Yermiyahu Ahron Taub’s poems draw his reader into an extended, elliptical conversation—confessional, yet enigmatic—with an array of vibrantly imagined selves and carefully scrutinized others. In The Insatiable Psalm, poetry becomes the meeting ground, the point of encounter, if not reconciliation, for disparate sensibilities: Yiddish, American, immigrant, pious, aesthetic, queer. Taub’s negotiation of these is moving and intelligent, infused with surprises.
—Jeffrey Shandler, Rutgers University,
editor of Awakening Lives: Autobiographies
of Jewish Youth in Poland before the Holocaust
The Insatiable Psalm is a beautiful portrayal of movement between two worlds of cultural reference. Yermiyahu Ahron Taub writes freshly and vividly about family, Jewish immigrant experience, and adult awakening without the distortion of idealizing the subjects of the poems and their multidimensional, and all-too-human, motivations. There is a sensuality and earthiness to the writing that is startling in its universality and draws the reader toward the questions that frame the poems: what does it mean to know and what does it mean to tell?
—Susana H. Case,
author of The Scottish Café and Anthropologist in Ohio
Yermiyahu Ahron Taub is the queer child turned prophet, a modern day psalmist for those displaced from home communities everywhere. In language of tremendously lyrical power, these risky, essential poems capture the ambivalences of a mother’s devotion to her faith and family. With The Insatiable Psalm, Taub has gathered the cast stones to form the cornerstone of a sacred space of love and longing.
—Don Belton,
author and editor of Speak My Name: Black Men on Masculinity and the American Dream
These stylish dramatic monologues convey the experiences of a bar mitzvah boy “late to prayer,” his refugee relatives, and his Orthodox family of modest means. The scenes shift from masturbation before synagogue services to the generation gap in musical taste (Moishe Oysher vs. Aretha Franklin) to a dialectic of chocolate chip cookies. One poem, “preparing to dance,” appears in both English and the poet’s own graceful Yiddish translation. The two languages capture the bicultural struggle of the Orthodox woman at her mirror and the little boy who watches her, and, indeed, of the whole book. Taub’s elegant poems play off art and artifice against forceful passions and raw stories. The resulting tension intrigues me.
—Kathryn Hellerstein,
translator of Paper Bridges: Selected Poems of Kadya Molodowsky and co-editor of Jewish American Literature: a Norton Anthology
This work is lavish in its descriptive depth, purity of conscience, and scrutiny of a way of life and a heritage that is sacred to many and yet ultimately fragile. The fragility that emanates from these poems has to do with the various characters and voices as they speak of the experiences of living within a tradition that has had to survive in a world that does not hold sacred its values. Equally moving is the exploration of the fragile natures of the children who inherit a culture that does not always fit into the emotional world in which they feel and live.
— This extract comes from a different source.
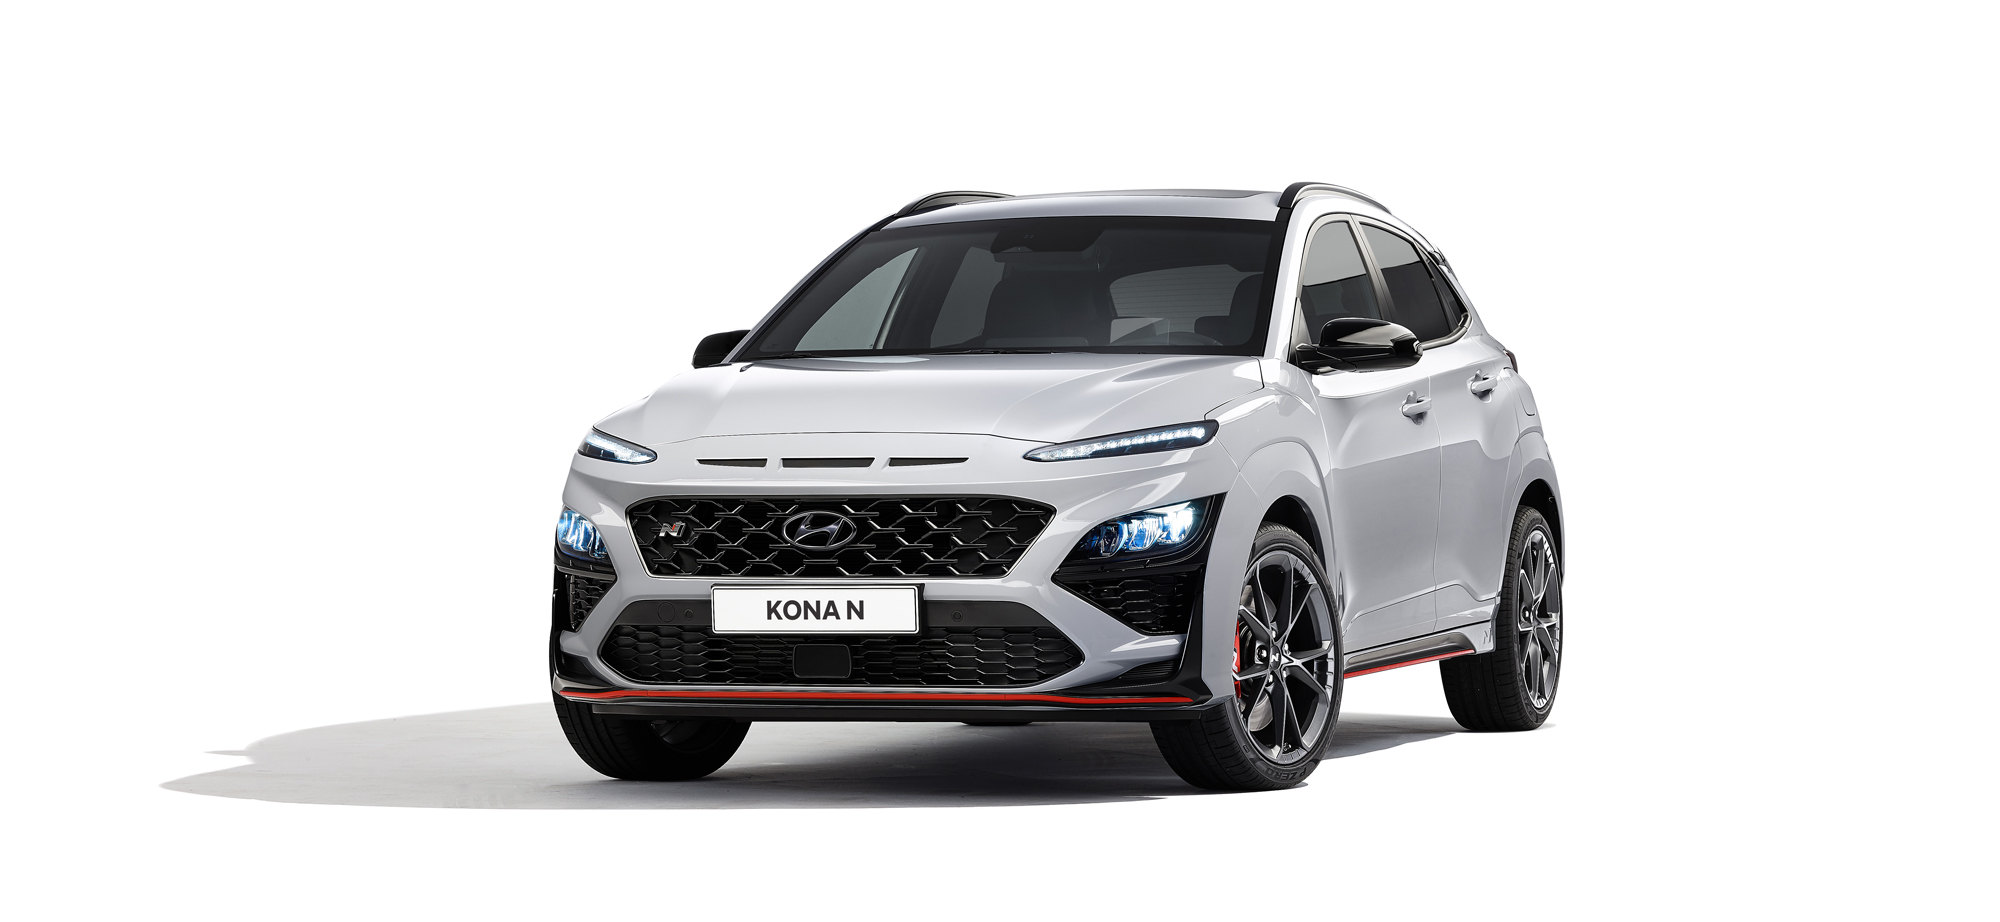 Hyundai Kona N front 2

—Night Skye M.a.g.a.z.i.n.e: Journal of the
Intuitive Expression
The Insatiable Psalm is coherent in tone, steeped in imagery, surprising with its language, and, I suspect, says as much about Judaism as it does about life. It evokes a flickering candle, illuminating both the secular and the religious.
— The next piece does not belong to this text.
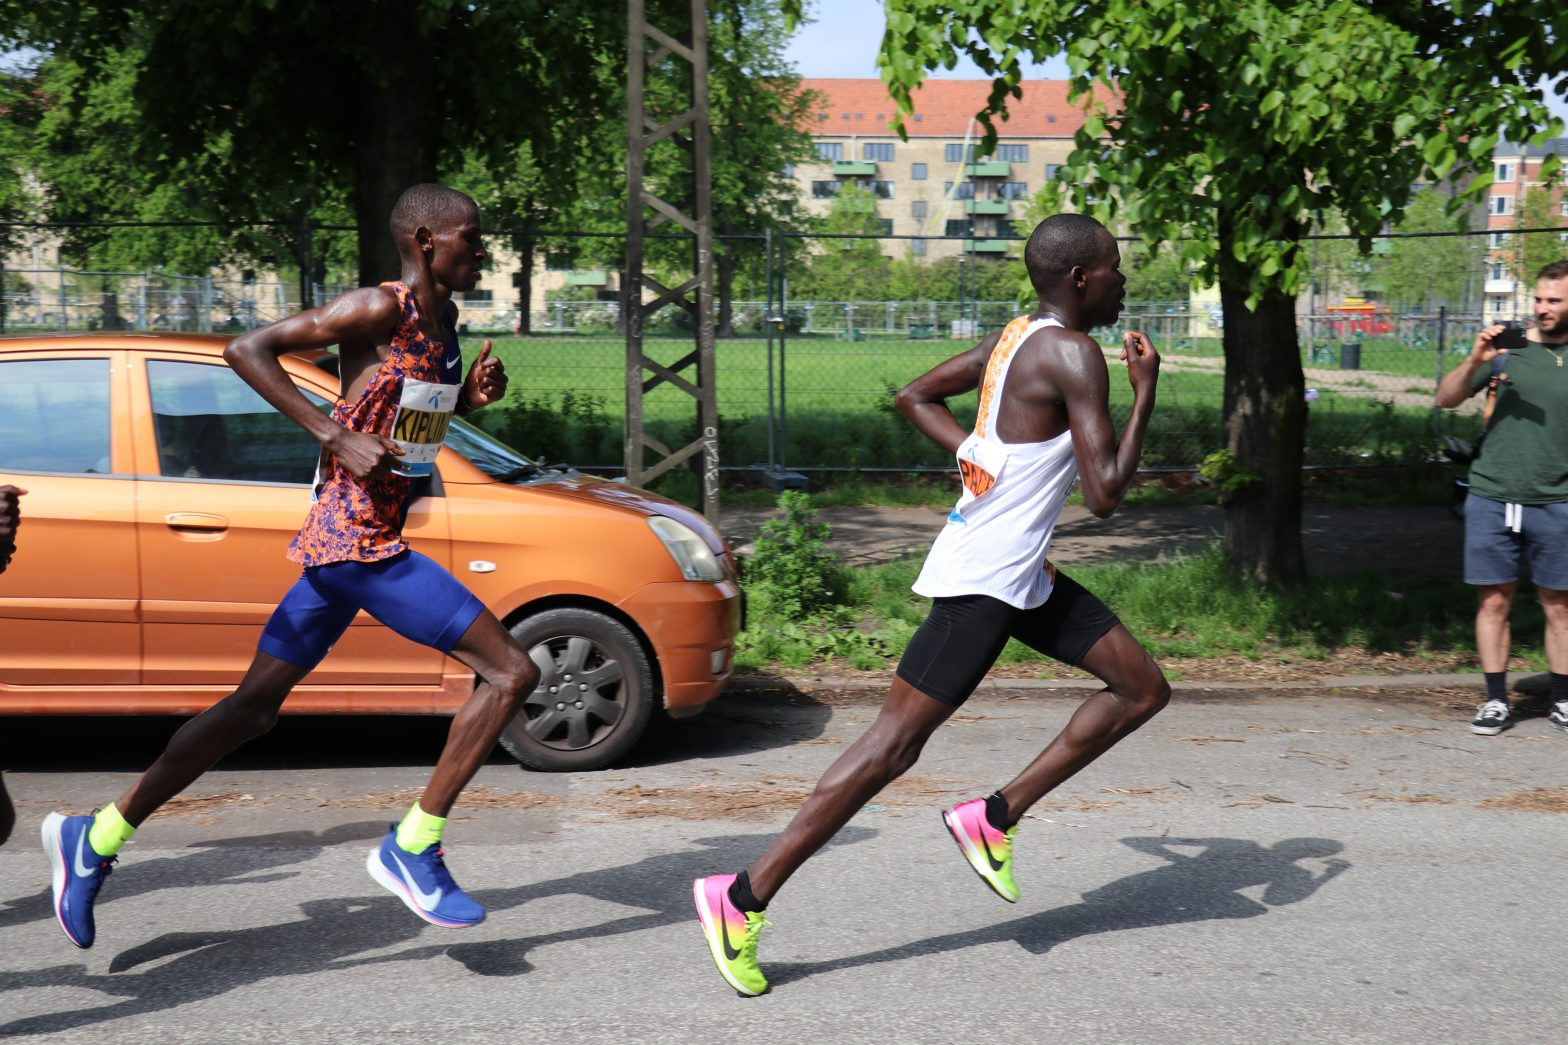 Igen fine tider til klubbens løbere i Copenhagen Marathon 2019

—Tom Dooley, editor, Eclectica Magazine
The Insatiable Psalm is a cinematic archway onto a closed Jewish world. Not since reading Jay Frankston’s book, Yom Hashoah: Remembering the Holocaust, have I found a book so moving. It is one thing to appreciate the culture into which you were born; it is quite another to document it in not only such loving detail, but to educate and enlighten at the same time. Yermiyahu Ahron Taub writes with a voice that is a blessing in any ear.